In this paper, the spatio-temporal variation and propagation direction of coal fire were studied in the Jharia Coalfield (JCF), India during 2006–2015 through satellite-based night-time land surface temperature (LST) imaging. The LST was retrieved from Advanced Spaceborne Thermal Emission and Reflection Radiometer (ASTER) night-time thermal-infrared data by a robust split-window algorithm based on scene-specific regression coefficients, band-specific hybrid emissivity, and night-time atmospheric transmittance. The LST-profile-based coal fire detection algorithm was formulated through statistical analysis of the LST values along multiple transects across diverse coal fire locations in the JCF in order to compute date-specific threshold temperatures for separating thermally-anomalous and background pixels. This algorithm efficiently separates surface fire, subsurface fire, and thermally-anomalous transitional pixels. During the observation period, it was noticed that the coal fire area increased significantly, which resulted from new coal fire at many places owing to extensive opencast-mining operations. It was observed that the fire propagation occurred primarily along the dip direction of the coal seams. At places, lateral-propagation of limited spatial extent was also observed along the strike direction possibly due to spatial continuity of the coal seams along strike. Moreover, the opencast-mining activities carried out during 2009–2015 and the structurally weak planes facilitated the fire propagation.

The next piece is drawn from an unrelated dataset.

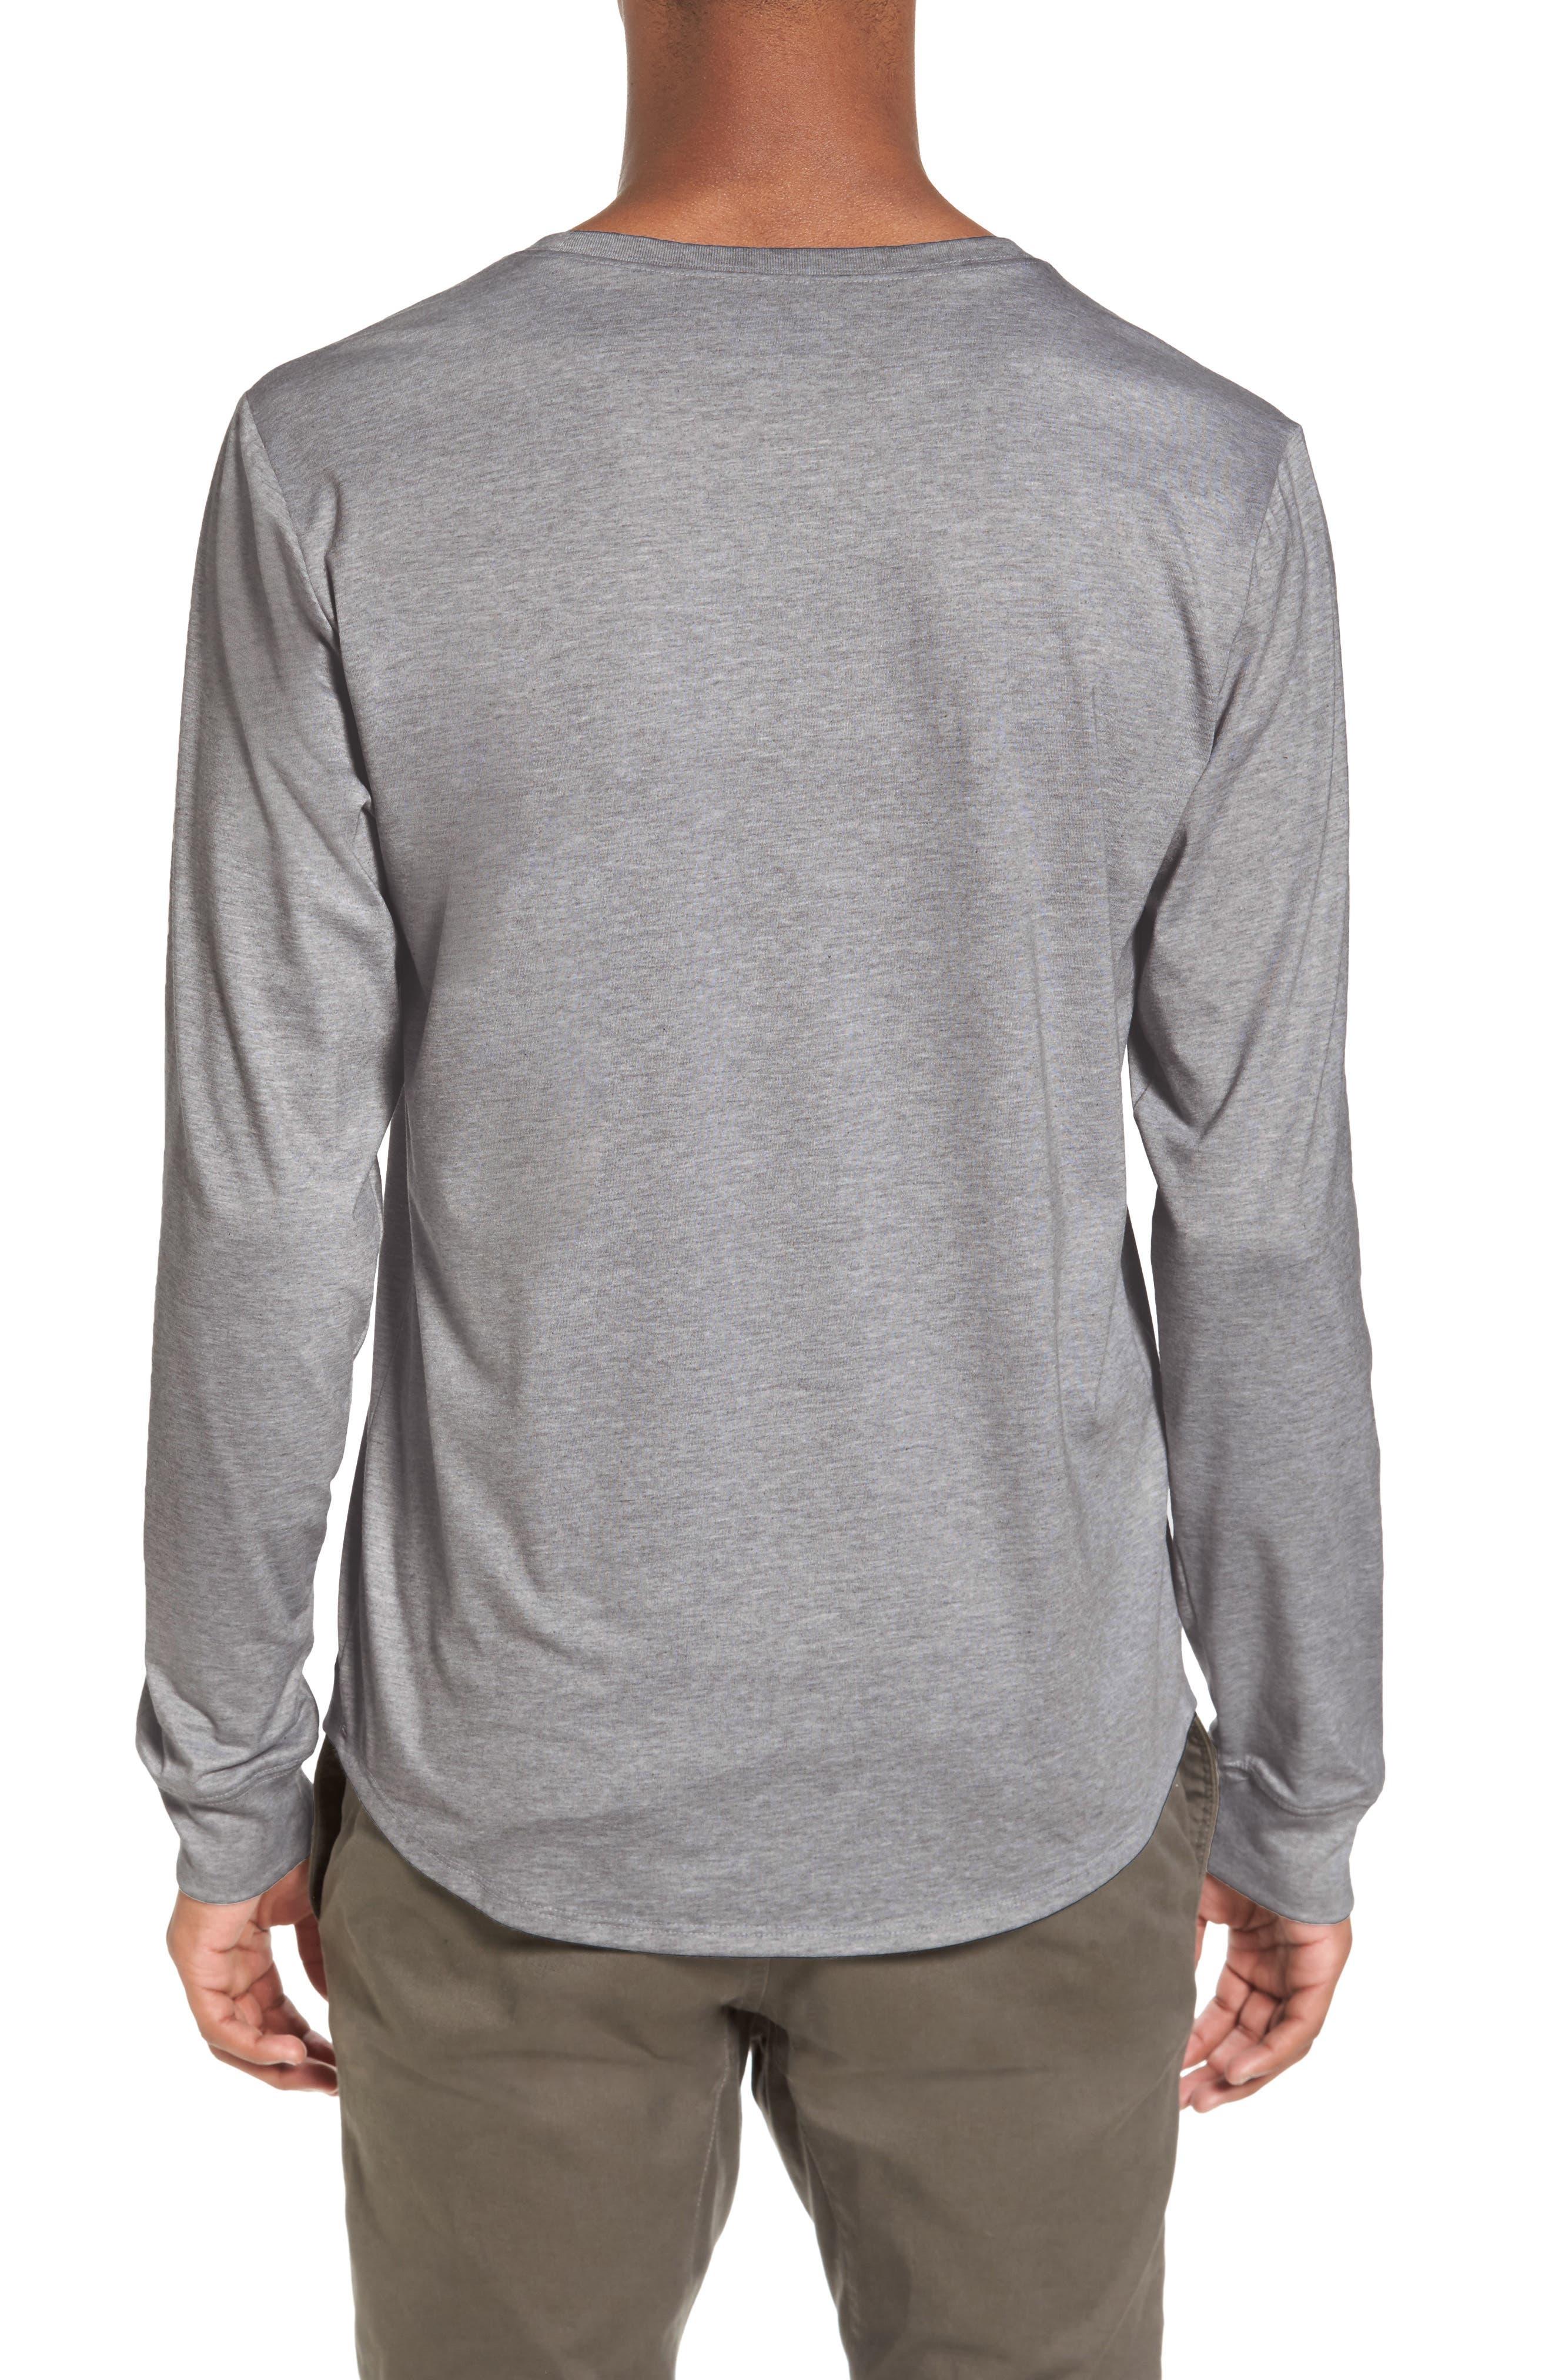 Yantra Long Sleeve T-Shirt,                             Alternate thumbnail 6, color,                             Heather Grey/ Heather Grey
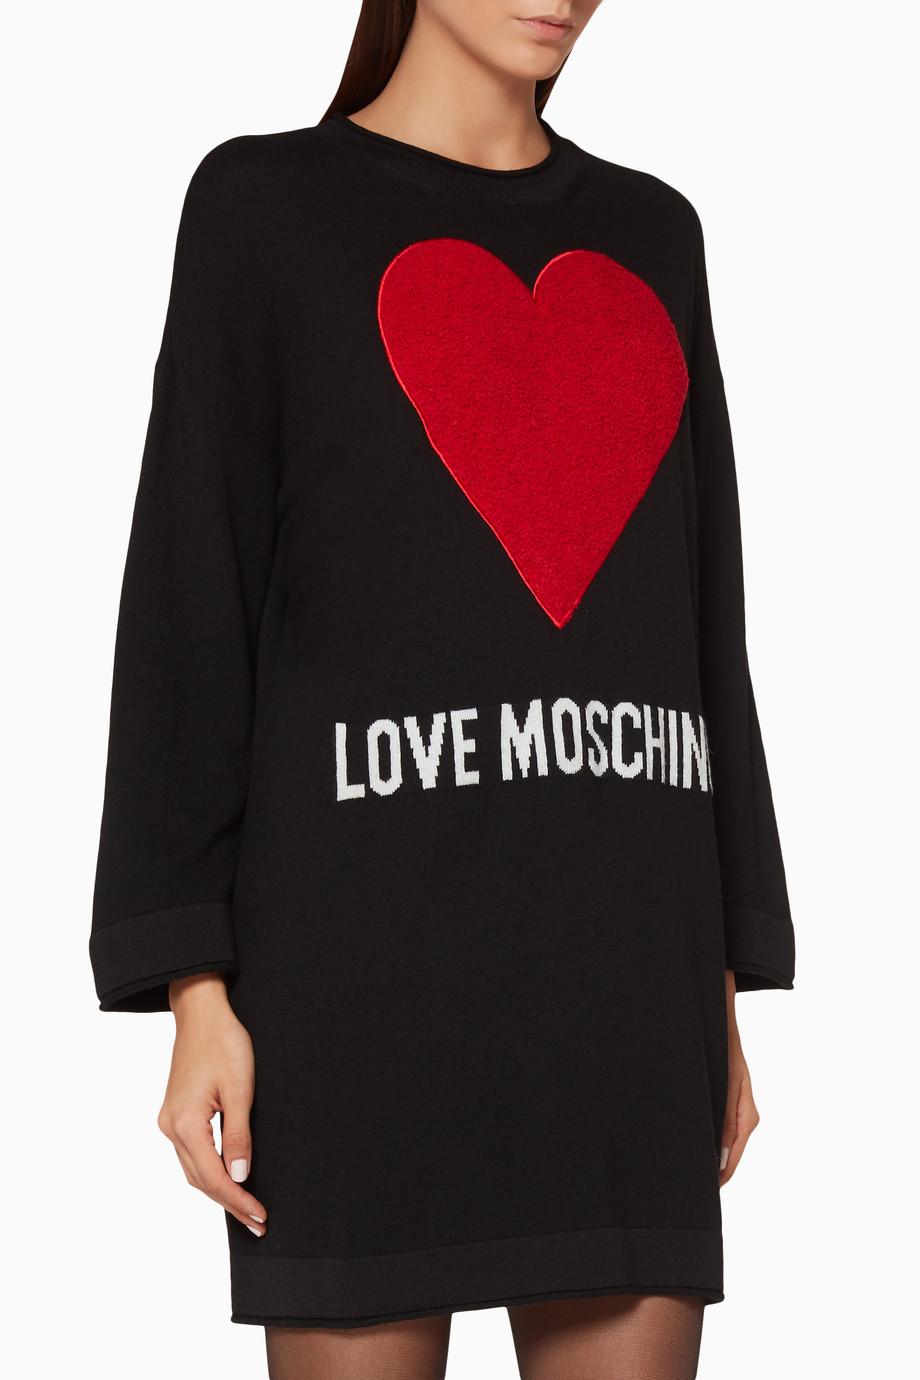 6d1fdc0fd Shop Moschino Black Black Heart-Appliqué Sweater Dress for Women ...

本文通过基于卫星的夜间地表温度（LST）成像研究了 2006-2015 年印度贾里亚煤田（JCF）煤火的时空变化和传播方向。LST 是通过基于特定场景回归系数、特定波段混合发射率和夜间大气透射率的稳健分裂窗口算法从高级星载热发射和反射辐射计 (ASTER) 夜间热红外数据中检索到的。基于 LST 剖面的煤火检测算法是通过对 JCF 中不同煤火位置的多个横断面的 LST 值进行统计分析来制定的，以计算特定日期的阈值温度，以分离热异常像素和背景像素。该算法有效地分离了表面火灾、地下火灾和热异常过渡像素。观察期间发现，煤火面积明显增加，这是由于大量露天开采作业导致多处新燃煤所致。据观察，火势蔓延主要沿煤层的倾角方向发生。在某些地方，沿走向还观察到有限空间范围的横向传播，这可能是由于煤层沿走向的空间连续性。此外，2009-2015 年期间进行的露天采矿活动和结构薄弱的平面促进了火势蔓延。注意到煤火面积显着增加，这是由于大量露天采矿作业导致许多地方出现新的煤火。据观察，火势蔓延主要沿煤层的倾角方向发生。在某些地方，沿走向还观察到有限空间范围的横向传播，这可能是由于煤层沿走向的空间连续性。此外，2009-2015 年期间进行的露天采矿活动和结构薄弱的平面促进了火势蔓延。注意到煤火面积显着增加，这是由于大量露天采矿作业导致许多地方出现新的煤火。据观察，火势蔓延主要沿煤层的倾角方向发生。在某些地方，沿走向还观察到有限空间范围的横向传播，这可能是由于煤层沿走向的空间连续性。此外，2009-2015 年期间进行的露天采矿活动和结构薄弱的平面促进了火势蔓延。沿走向方向也观察到有限空间范围的横向传播，这可能是由于煤层沿走向的空间连续性。此外，2009-2015 年期间进行的露天采矿活动和结构薄弱的平面促进了火势蔓延。沿走向方向也观察到有限空间范围的横向传播，这可能是由于煤层沿走向的空间连续性。此外，2009-2015 年期间进行的露天采矿活动和结构薄弱的平面促进了火势蔓延。